Correlation Between Pakistan State and TPL Insurance
Can any of the company-specific risk be diversified away by investing in both Pakistan State and TPL Insurance at the same time? Although using a correlation coefficient on its own may not help to predict future stock returns, this module helps to understand the diversifiable risk of combining Pakistan State and TPL Insurance into the same portfolio, which is an essential part of the fundamental portfolio management process.
By analyzing existing cross correlation between Pakistan State Oil and TPL Insurance, you can compare the effects of market volatilities on Pakistan State and TPL Insurance and check how they will diversify away market risk if combined in the same portfolio for a given time horizon. You can also utilize pair trading strategies of matching a long position in Pakistan State with a short position of TPL Insurance. Check out your portfolio center. Please also check ongoing floating volatility patterns of Pakistan State and TPL Insurance.
Diversification Opportunities for Pakistan State and TPL Insurance
-0.41 | Correlation Coefficient |
Very good diversification
The 3 months correlation between Pakistan and TPL is -0.41. Overlapping area represents the amount of risk that can be diversified away by holding Pakistan State Oil and TPL Insurance in the same portfolio, assuming nothing else is changed. The correlation between historical prices or returns on TPL Insurance and Pakistan State is a relative statistical measure of the degree to which these equity instruments tend to move together. The correlation coefficient measures the extent to which returns on Pakistan State Oil are associated (or correlated) with TPL Insurance. Values of the correlation coefficient range from -1 to +1, where. The correlation of zero (0) is possible when the price movement of TPL Insurance has no effect on the direction of Pakistan State i.e., Pakistan State and TPL Insurance go up and down completely randomly.
Pair Corralation between Pakistan State and TPL Insurance
Assuming the 90 days trading horizon Pakistan State Oil is expected to generate 0.81 times more return on investment than TPL Insurance. However, Pakistan State Oil is 1.23 times less risky than TPL Insurance.

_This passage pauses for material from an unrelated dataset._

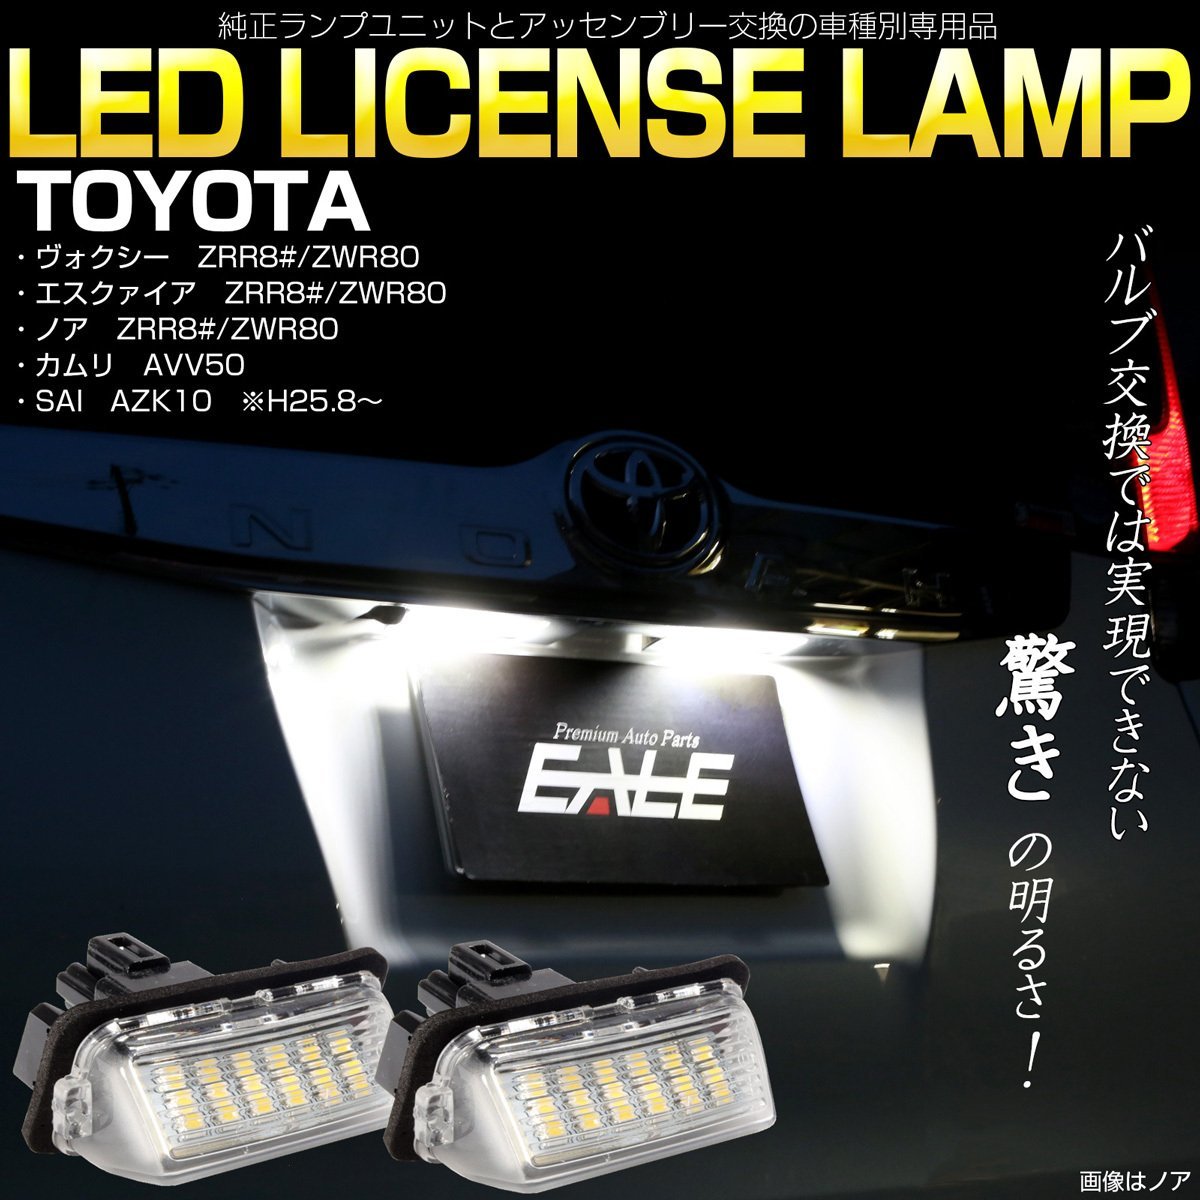 トヨタ SAI AZK10・カムリ AVV50 LED ライセンスランプ ハイブリッド対応 ナンバー灯 高輝度 ユニット交換タイプ R-208_画像1
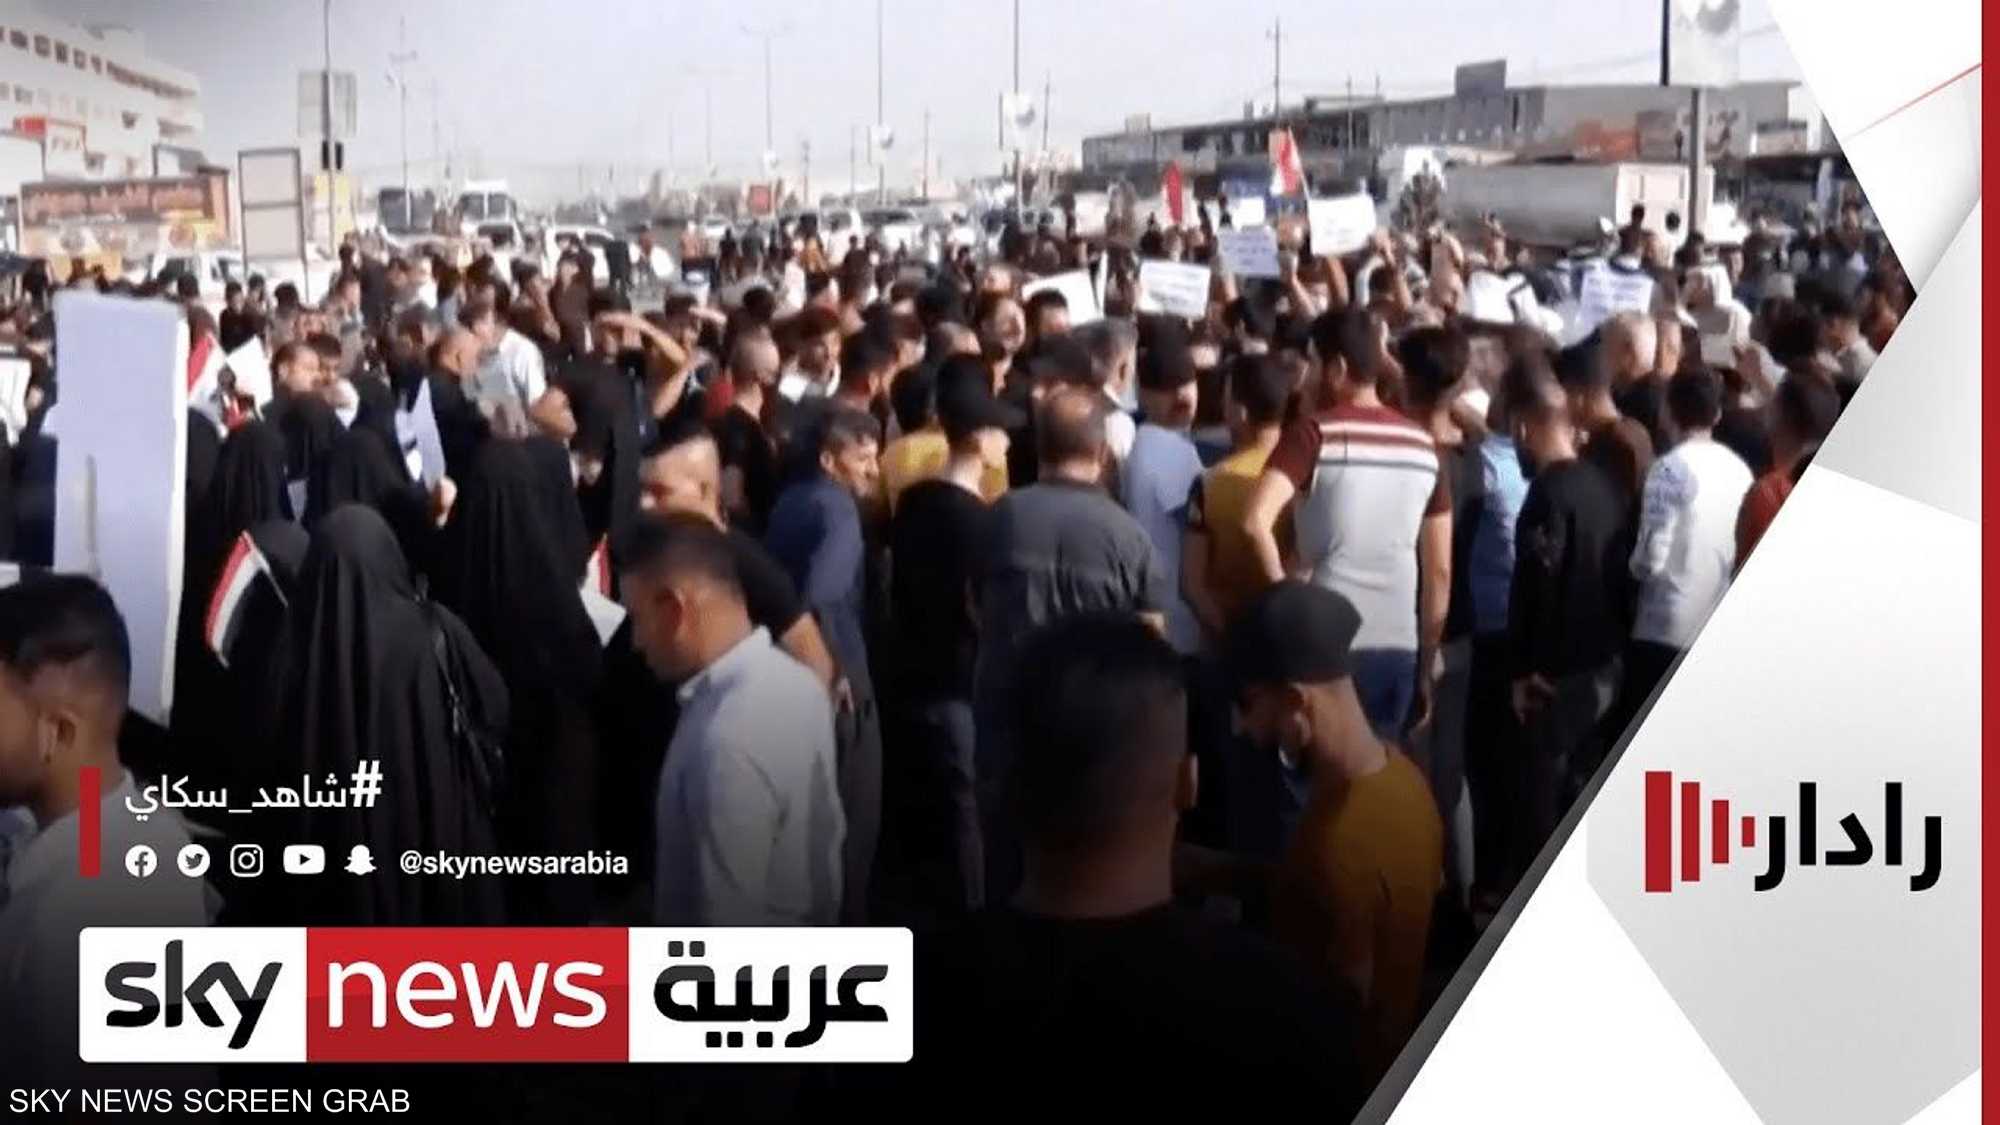 العراق..قوى سياسية تهدد بتأجيج الشارع رفضا لنتائج الانتخابات

It trades about 0.4 of its potential returns per unit of risk. TPL Insurance is currently generating about 0.01 per unit of risk. If you would invest 15,440 in Pakistan State Oil on September 5, 2024 and sell it today you would earn a total of 14,767 from holding Pakistan State Oil or generate 95.64% return on investment over 90 days.
Time Period | 3 Months [change] |
Direction | Moves Against |
Strength | Very Weak |
Accuracy | 96.88% |
Values | Daily Returns |
Pakistan State Oil vs. TPL Insurance
Performance |
Timeline |
Pakistan State Oil |
TPL Insurance |
Pakistan State and TPL Insurance Volatility Contrast
Predicted Return Density |
Returns |
Pair Trading with Pakistan State and TPL Insurance
The main advantage of trading using opposite Pakistan State and TPL Insurance positions is that it hedges away some unsystematic risk. Because of two separate transactions, even if Pakistan State position performs unexpectedly, TPL Insurance can make up some of the losses. Pair trading also minimizes risk from directional movements in the market. For example, if an entire industry or sector drops because of unexpected headlines, the short position in TPL Insurance will offset losses from the drop in TPL Insurance's long position.Pakistan State vs. Masood Textile Mills | Pakistan State vs. Fauji Foods | Pakistan State vs. KSB Pumps | Pakistan State vs. Mari Petroleum |
TPL Insurance vs. Oil and Gas | TPL Insurance vs. Pakistan State Oil | TPL Insurance vs. Pakistan Petroleum | TPL Insurance vs. Fauji Fertilizer |
Check out your portfolio center.Note that this page's information should be used as a complementary analysis to find the right mix of equity instruments to add to your existing portfolios or create a brand new portfolio. You can also try the Positions Ratings module to determine portfolio positions ratings based on digital equity recommendations. Macroaxis instant position ratings are based on combination of fundamental analysis and risk-adjusted market performance.